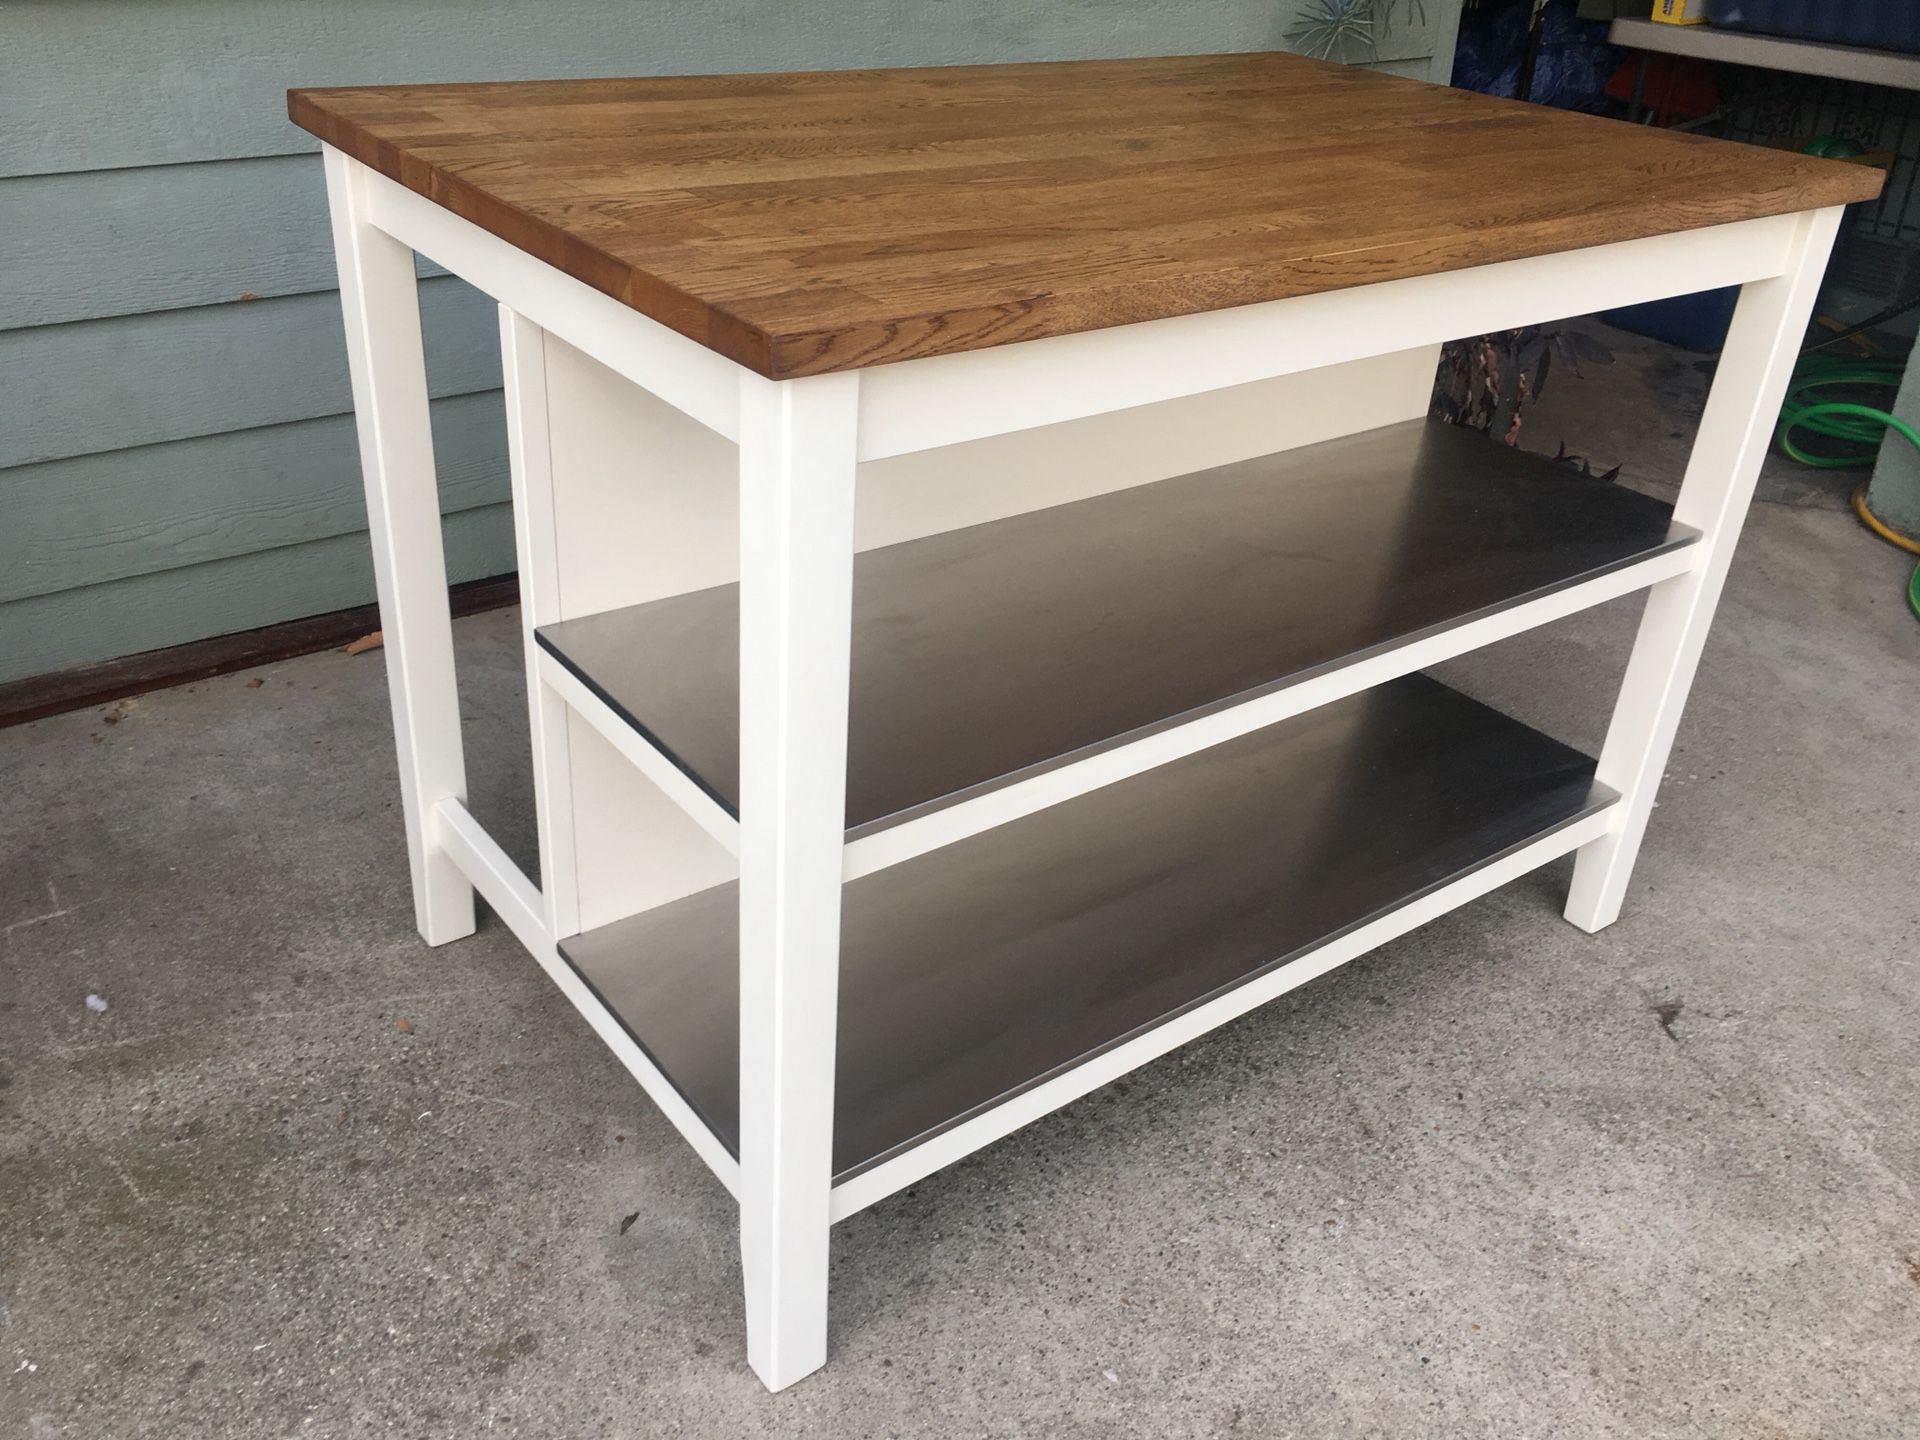 Large Kitchen island with stainless steel shelves
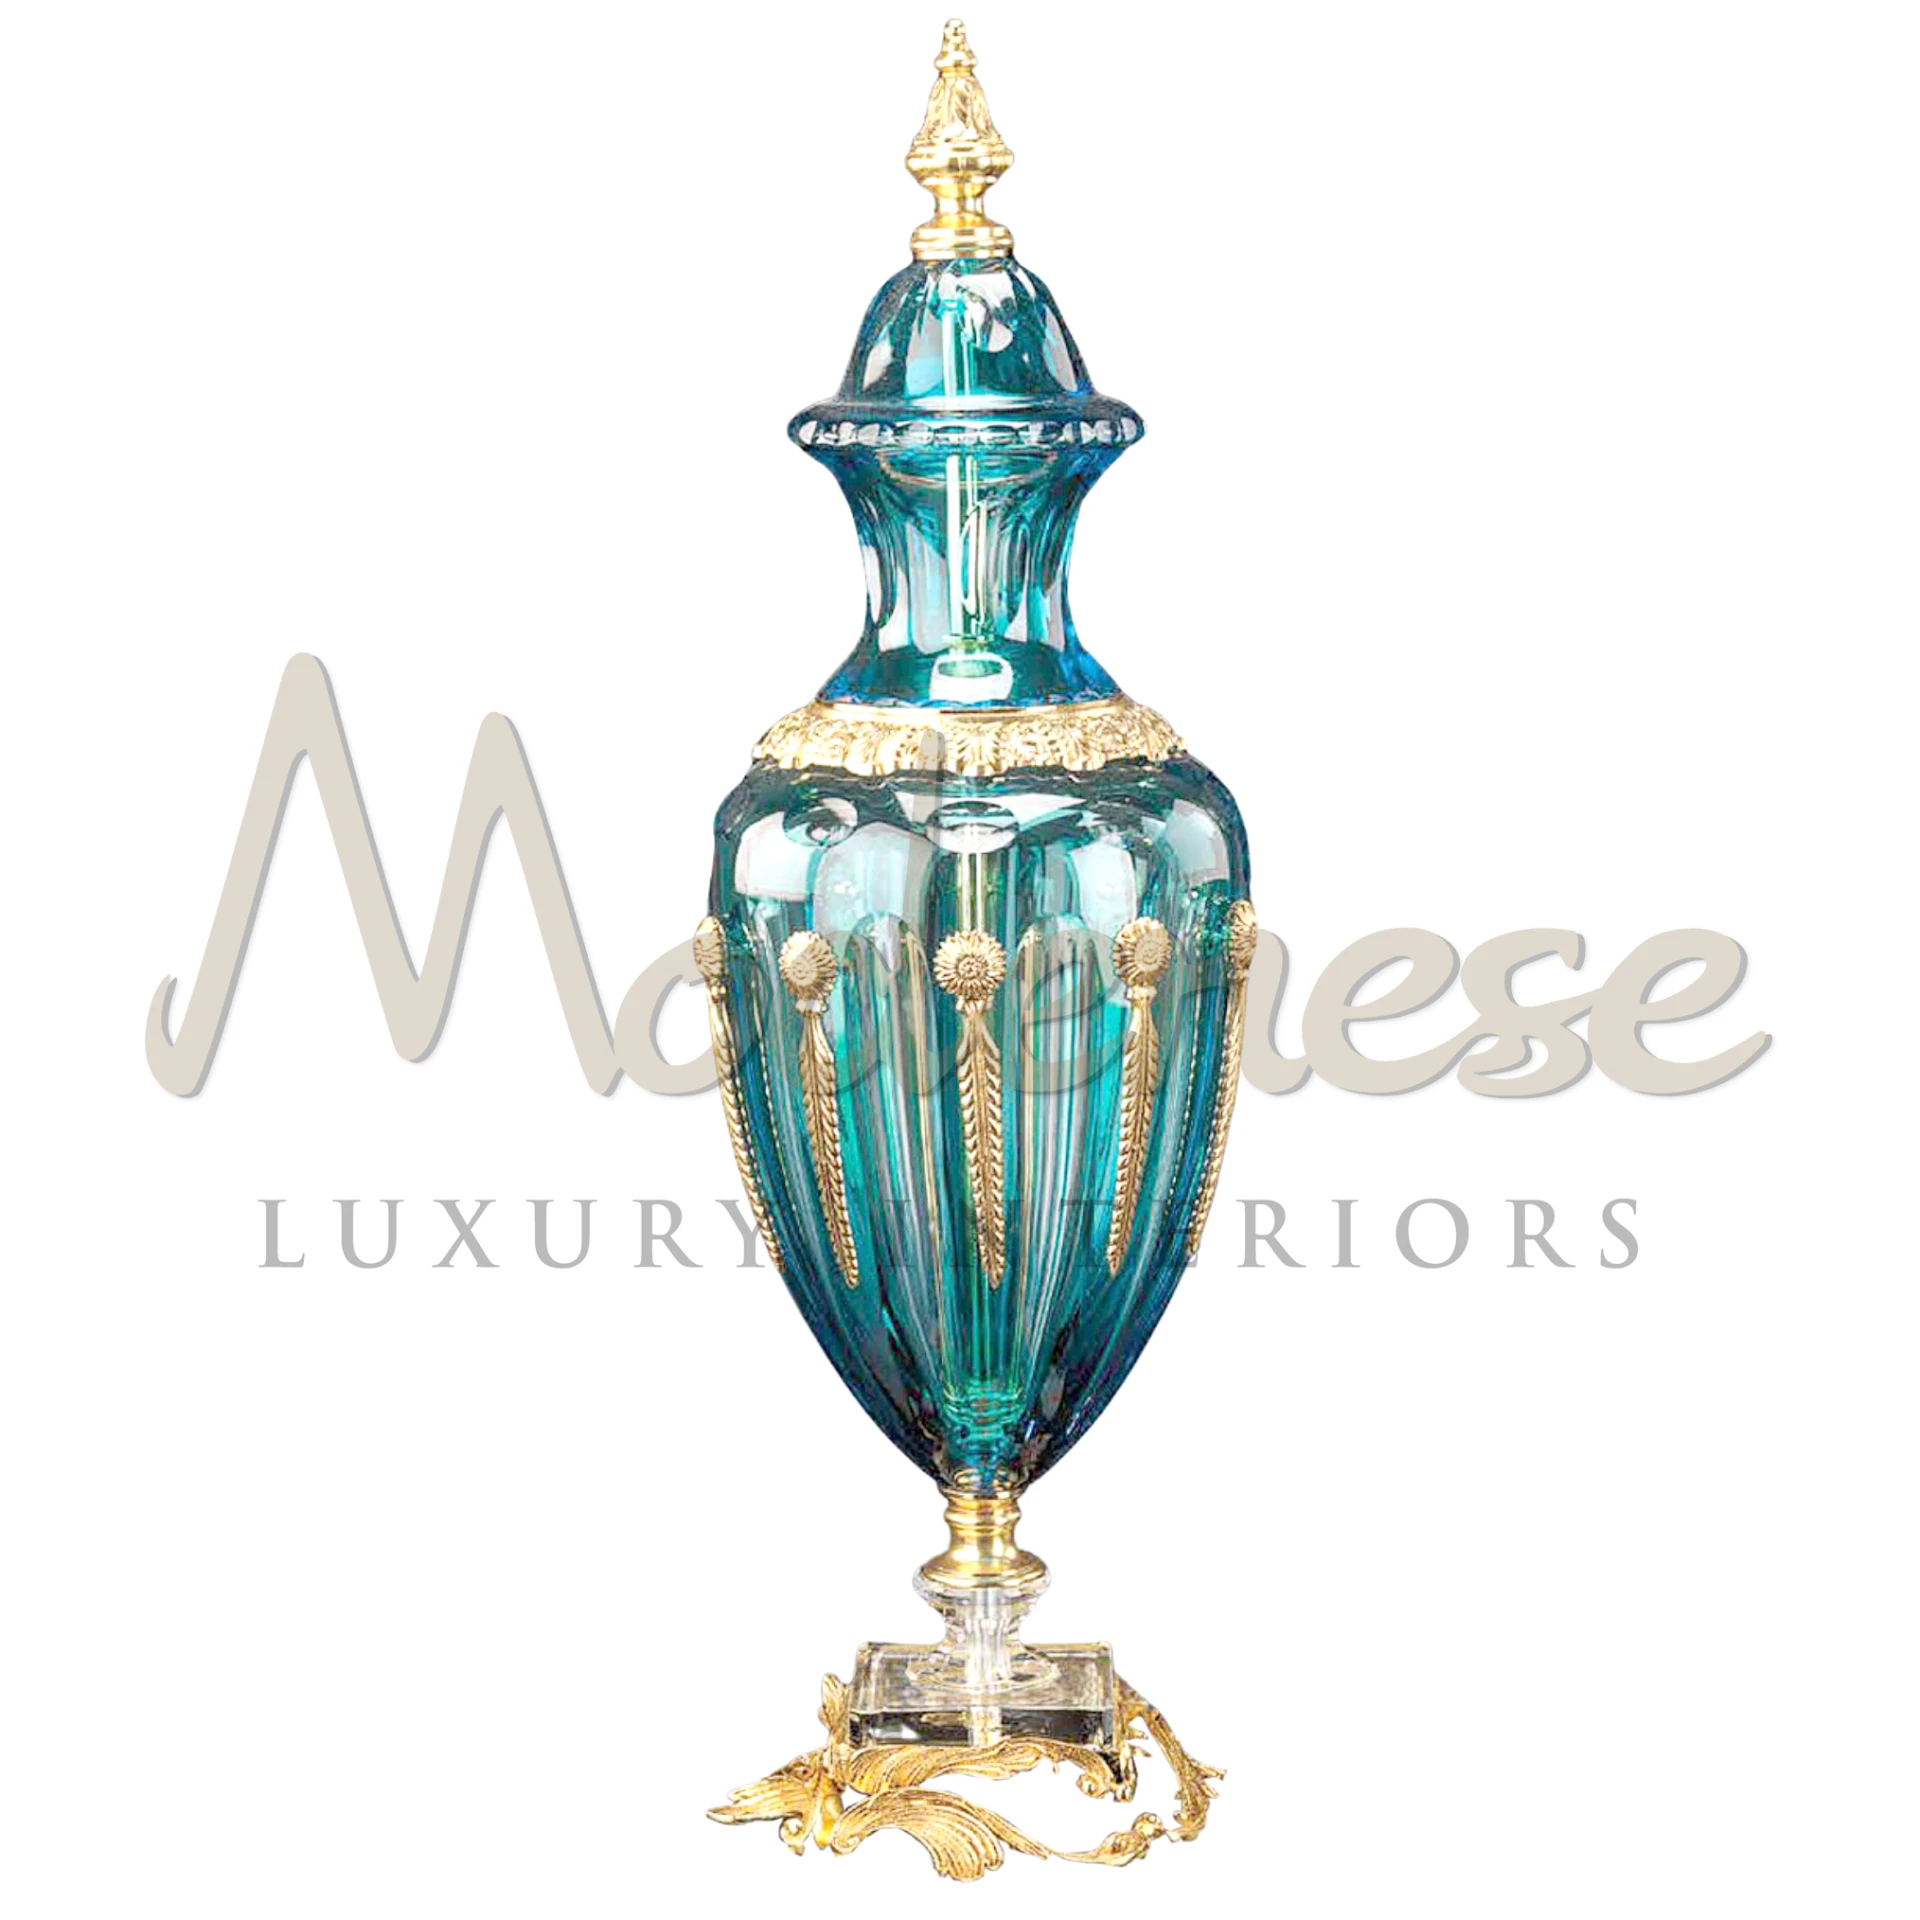 Classical Luxury Turquoise Amphora, in the style of ancient Greek or Roman art, showcases intricate designs and artisan craftsmanship for luxurious interiors.






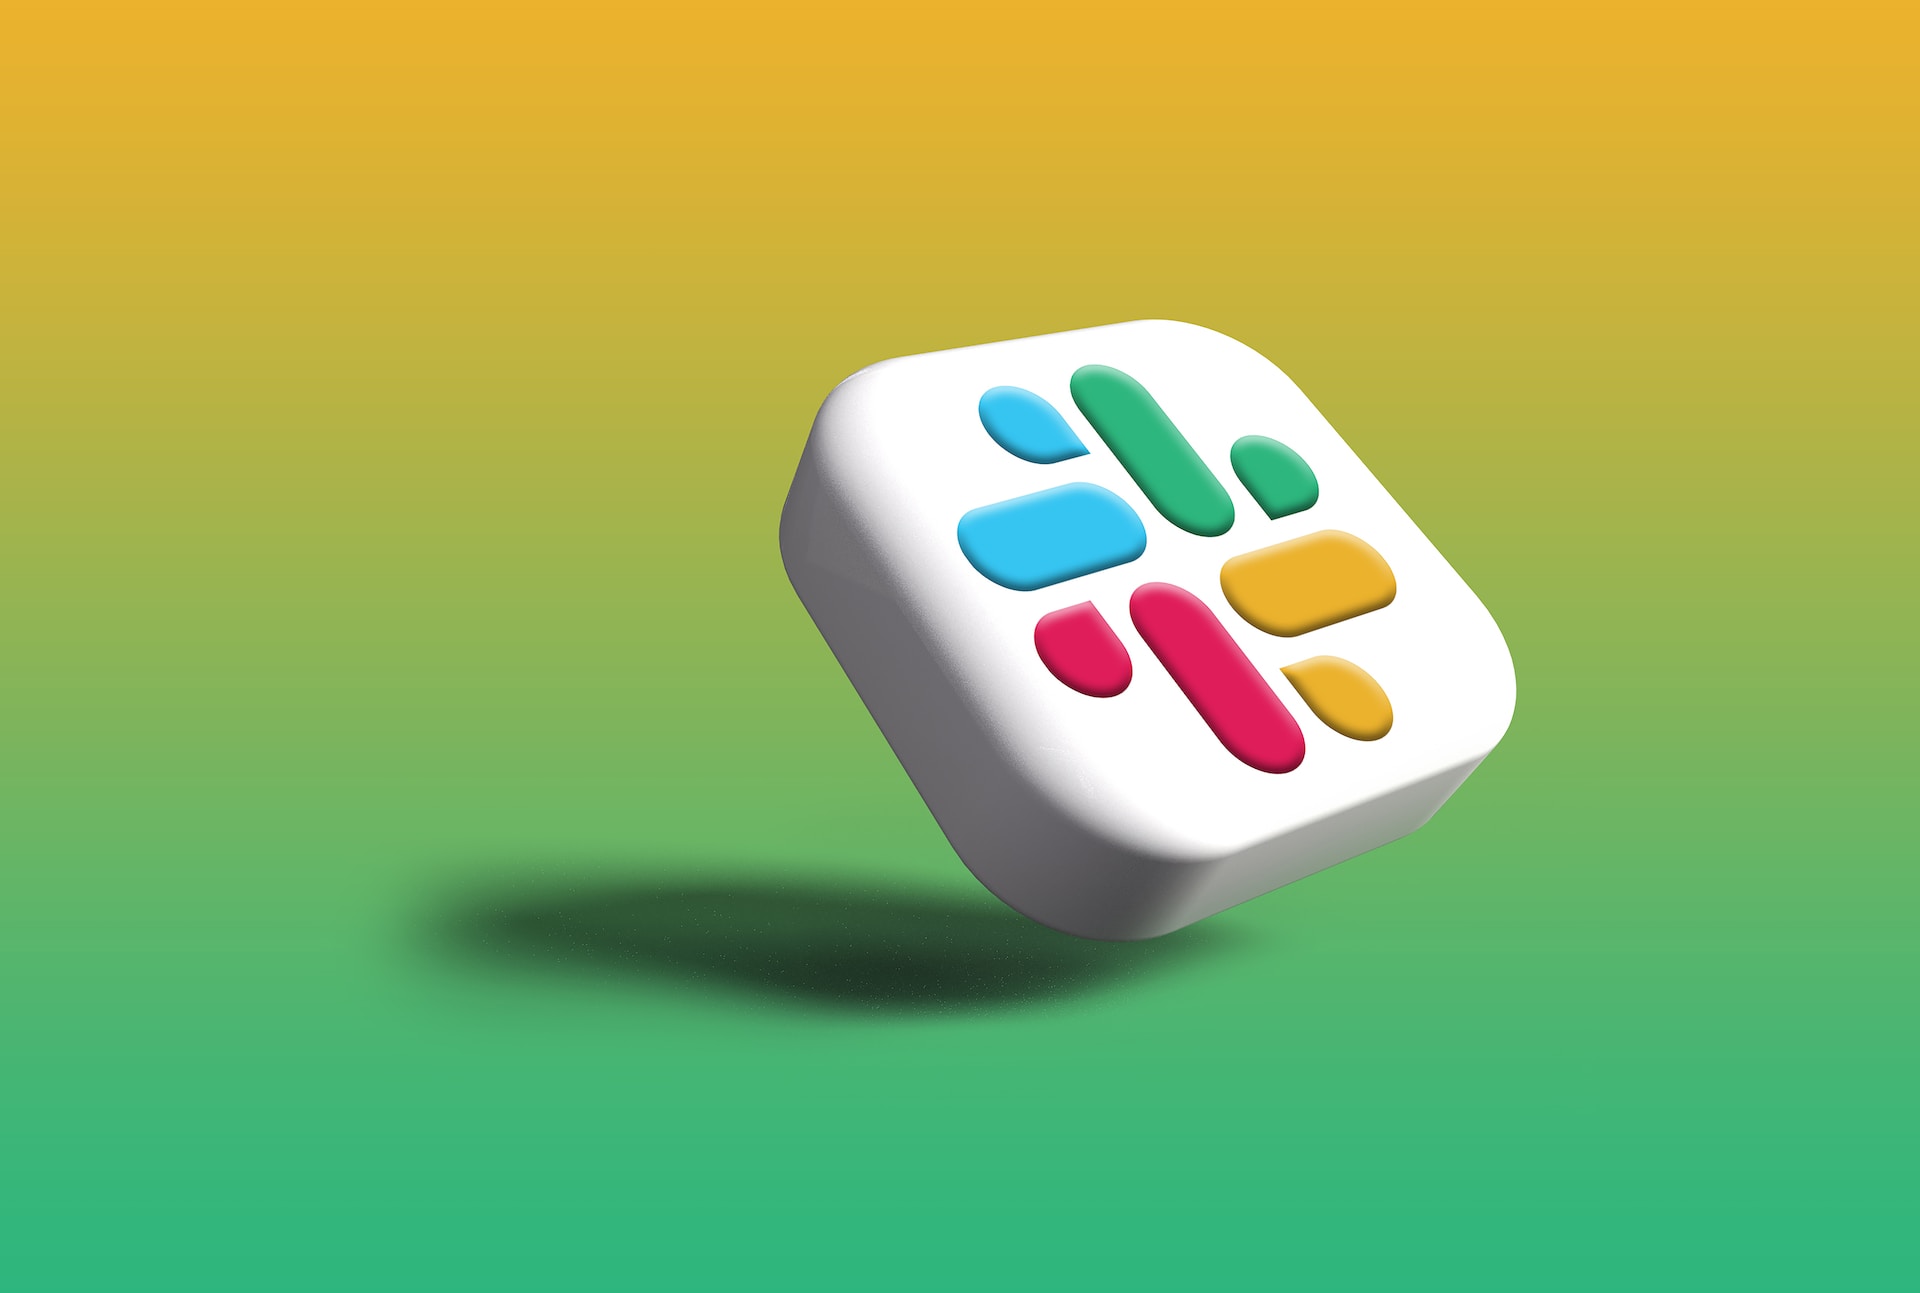 Logo of Slack, one of the application development communication tools you can use.

***

- Task description:
Apart from the images, reproduce the listing exactly as it appears.

- Answer for the task:
 Large Kitchen island with stainless steel shelves
 Classical Luxury Turquoise Amphora, in the style of ancient Greek or Roman art, showcases intricate designs and artisan craftsmanship for luxurious interiors.






 Logo of Slack, one of the application development communication tools you can use.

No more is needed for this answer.